10年来の友人であったフゥーリィーと私が暮らし始めたのは、息子が多感な小学校の5年生の頃である。
母を亡くしてから約一年。 母の愛情や、母の呪縛や、母の4年半の看病から解き放たれ、そして母の残した多額の債務と、店を経営する時に借りた自分自身の多額の債務に追われ、アップアップていた頃だった。 母を亡くした私は、正直寂しかった。 松本と言う他県の地で、幼い息子と二人だけ・・・・・・。 魂が抜けたようになり、又、松本には頼るものも居なく、経営していた店は常時客で賑わっていたにも拘らず、母が残した店と私の店の2件分の家賃。マンションの家賃。二人分の返済や数人のバイト達の人件費を抱えていたので少しも生活は楽ではなかった。 どこかの家賃が少しずつ滞るような事もあった。

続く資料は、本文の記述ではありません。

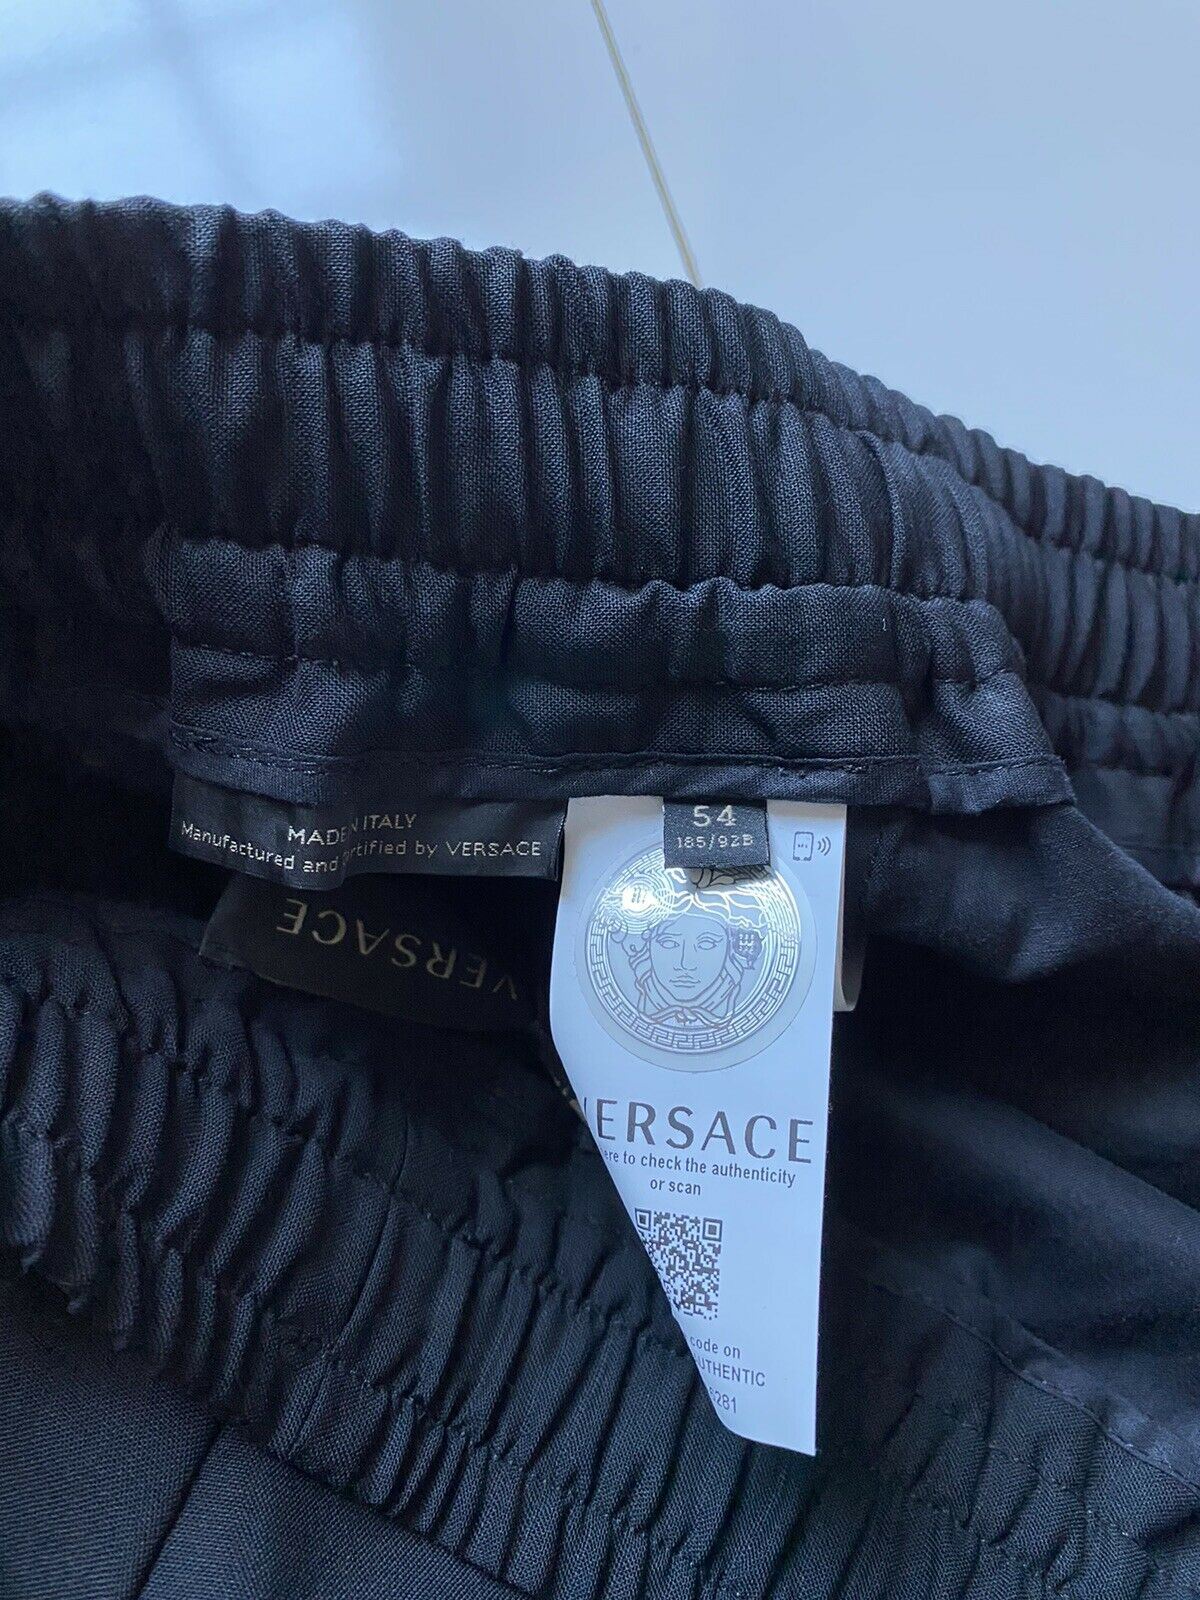 Мужские черные шерстяные брюки Versace NWT, 595 долларов США, размер 38, США (54 евро), производство Италия, A83072

そんな頃フゥーリィーと私は愛し合うようになったのだ。
しかし、その頃のフゥーリィーは仕事も辞めてしまい、息子を相手に私の取り合いをしていたと言う、どうしようもない男だった。 折角コレほどまでに愛し掛けた男が、そんな人間だなんて信じたくも無かったし、認めたくもなかった。 でも、あの頃のフゥーリィーは、世間一般で言う【ヒモ】に限りなく近かったのではないかと思う。 又そう思われても仕方の無い男だったのかもしれない。 タダでさえ苦しい経済状況の中、余計苦しくなるばかり・・・・・・。 自分の仕事が無い時期は私の店を手伝ってくれてはいるものの、見当違いの酷いヤキモチで度々暴力を振るわれた事すらあった。 それでも、良い時は誰よりもとてもいい人間なのだ・・・・・・。 一緒に居ると気が楽で癒える部分も大きかった。それしか言いようが無い・・・・・・。 いくら口で説明してもニュアンスは解かってもらえまいが、彼と居る時だけが本来の生のままの私で居られるのだ。
友人の殆どから見放され、親類全てを敵に回し、それでもフゥーリィーと別れなかったのは私の根底に【この男はそれだけの人間なんかじゃないんだ!!】と言う強い確信と、どこか私の父親に似たユニークで人間味のある優しさが有ったからだ。 何か運命的な出会いを感じていて、私はどうしても離れる事が出来なかった。
息子とフゥーリィーも仲の良い時はじゃれ合っている。 お互いにお互いの良い所は認め合っている。 うまく行っている時は3人でとても楽しいのだ。 しかし、やはり駄目になると家の中は殺伐としてしまう・・・・・・。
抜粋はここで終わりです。